Fights among dogs and wolves are seldom lethal; they serve to clarify the hierarchy, to distinguish the lower ranks from the leaders. But Manson wasn’t in the habit of playing by the rules; he didn’t stop till his adversary was dead. Christian Oddo’s intuition had been right. Manson was a killing machine, and all the pain and torture he’d undergone had made him indifferent to wounds and merciless in victory.

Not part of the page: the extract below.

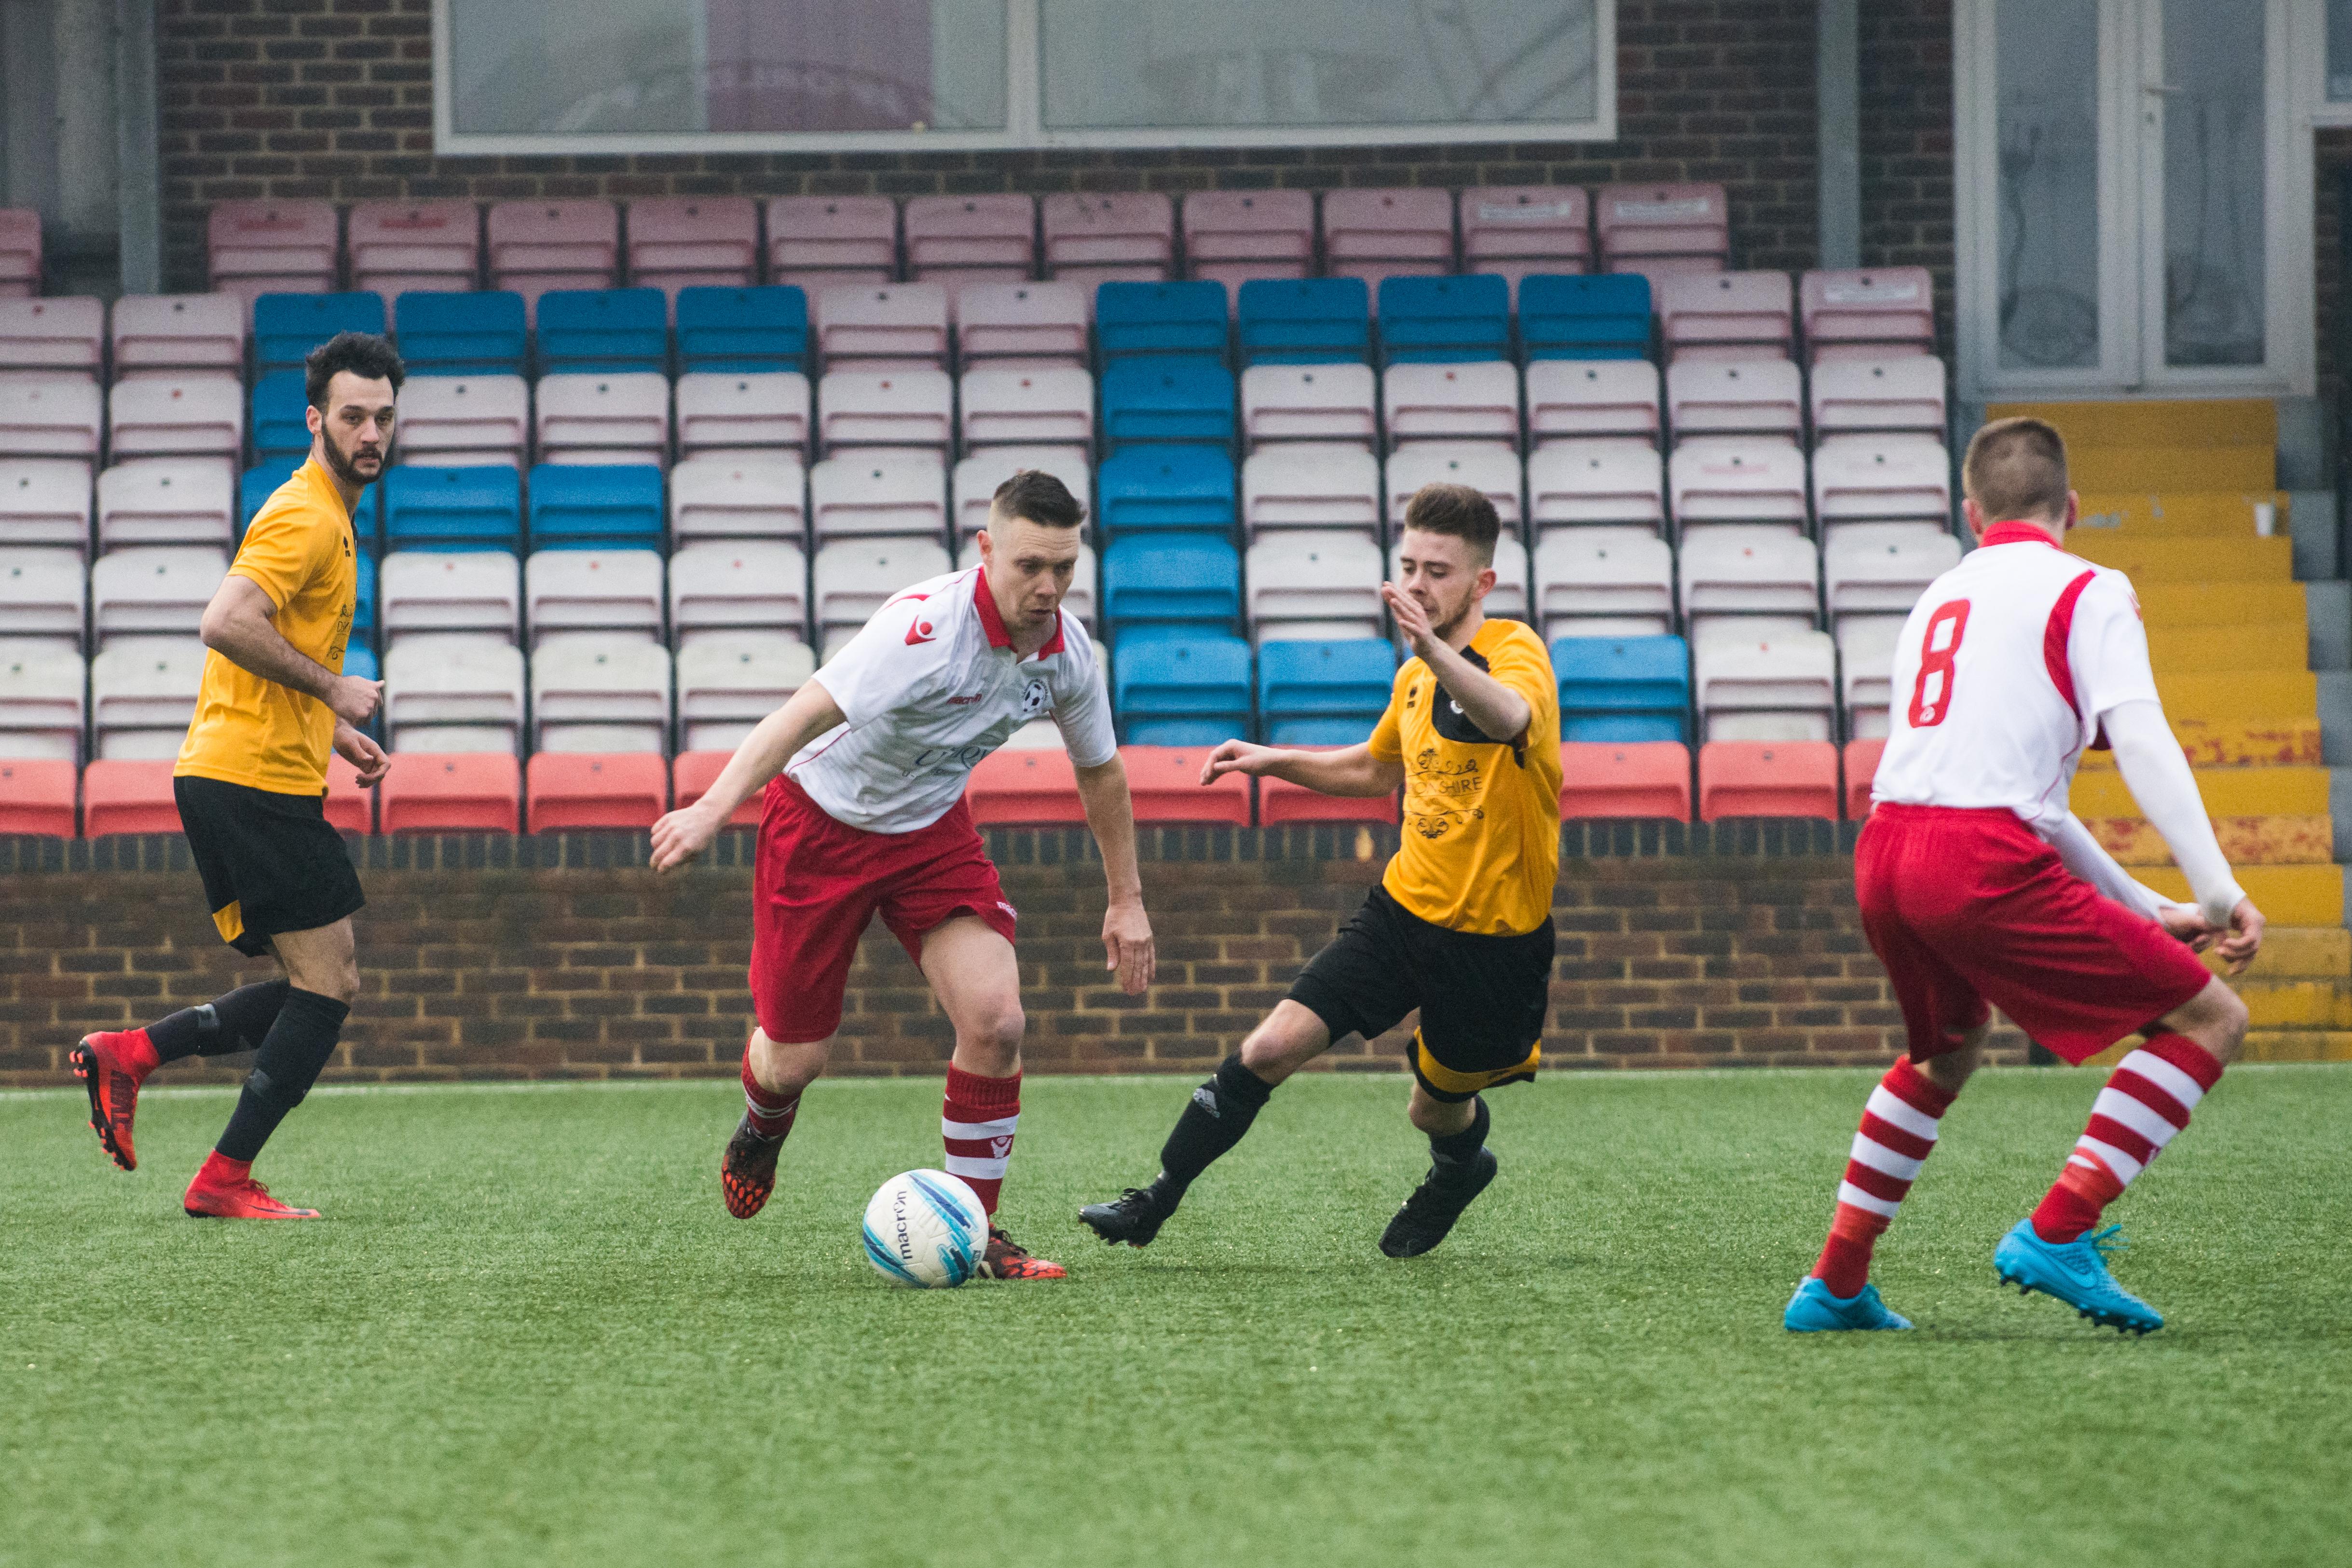 DAVID_JEFFERY Langney Wanderers FC vs Bexhill United FC 03.03.18 70
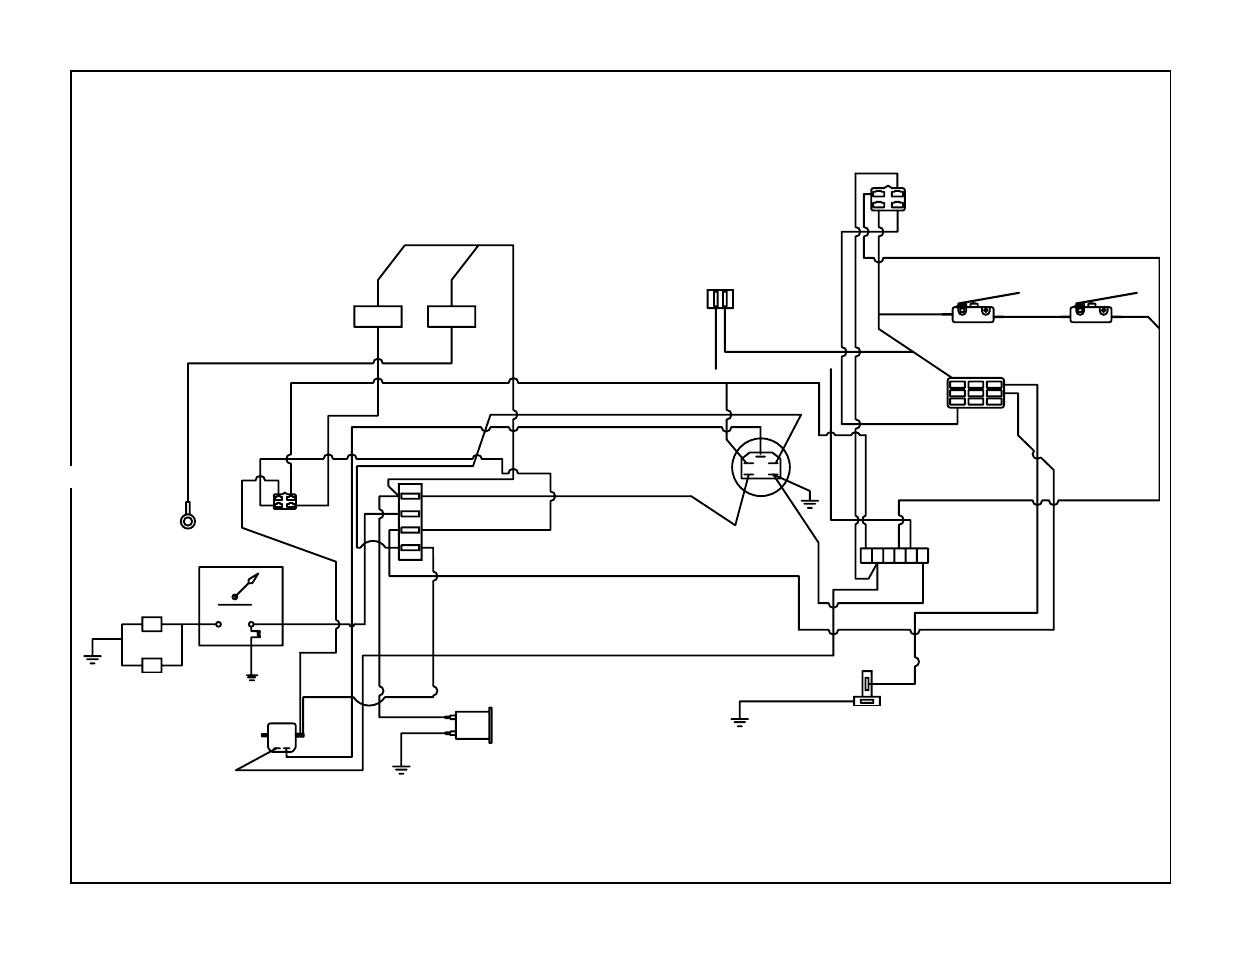 hight resolution of kohler wiring harness bush hog zero turn mowers user manual page 25 30

Blood excited him, gave him energy, won him the respect of other dogs and the favour of bitches on heat. He liked this world: there were no chains, no cruel humans, and all you had to do to gain others’ respect was use your fangs. In a few weeks, without even having to fight the chief, who rolled over on the ground with his legs apart, he became the alpha male, the one who had first choice of the food and impregnated the females.
Three years later, when the explosion of a natural gas tank surprised the pack as they surrounded a horse in the car park of the Sunflowers shopping mall, he still hadn’t lost his rank. What a horse was doing in the car park was a mystery of interest to none of them. Emaciated and covered in sores, it had got one of its legs stuck in a shopping trolley and was standing there in a cloud of flies, near the cashpoints, its big brown head hanging between its legs. The horse was in that state of dumb resignation that can sometimes come over herbivores when they realise that death has caught up with them and that all they can do is wait. The dogs were closing in slowly, almost casually, certain that they were soon going to eat some fresh meat.
Manson, as leader of the pack, was the first to attack the horse, which barely even kicked out when it felt his teeth sink into its hind leg. But a wall of fire, fanned by the wind, suddenly enveloped the scene in a blanket of acrid, scorching smoke. Surrounded by flames and terrified by exploding petrol pumps, the dogs sheltered behind a household appliance store. They stayed there for several days, nearly asphyxiated, under a vault of fire, and when everything had been burnt and they came out, the world was an expanse of ash devoid of food and water.
*
Anna pulled back her hair.
The Maremma crept forward and stopped, ear cocked, eyes fixed on his prey.
She looked at the fence. It was too high. And there was no sense in going back to the car: he’d tear her to pieces in there.
She opened her arms: ‘Come on then! What are you waiting for?’
The dog seemed uncertain.
‘Come on!’ She sprang up and down on her toes. ‘Let’s get it over with.’
The dog flattened down on the asphalt. A crow passed overhead, cawing.
‘What’s the matter? Are you scared?’
The dog sprang forward.
She sprinted towards the car and reached it so fast she hit her hip against the side. Groaning, she slipped in through the door and shut it behind her.
There was a thud, and the car swayed.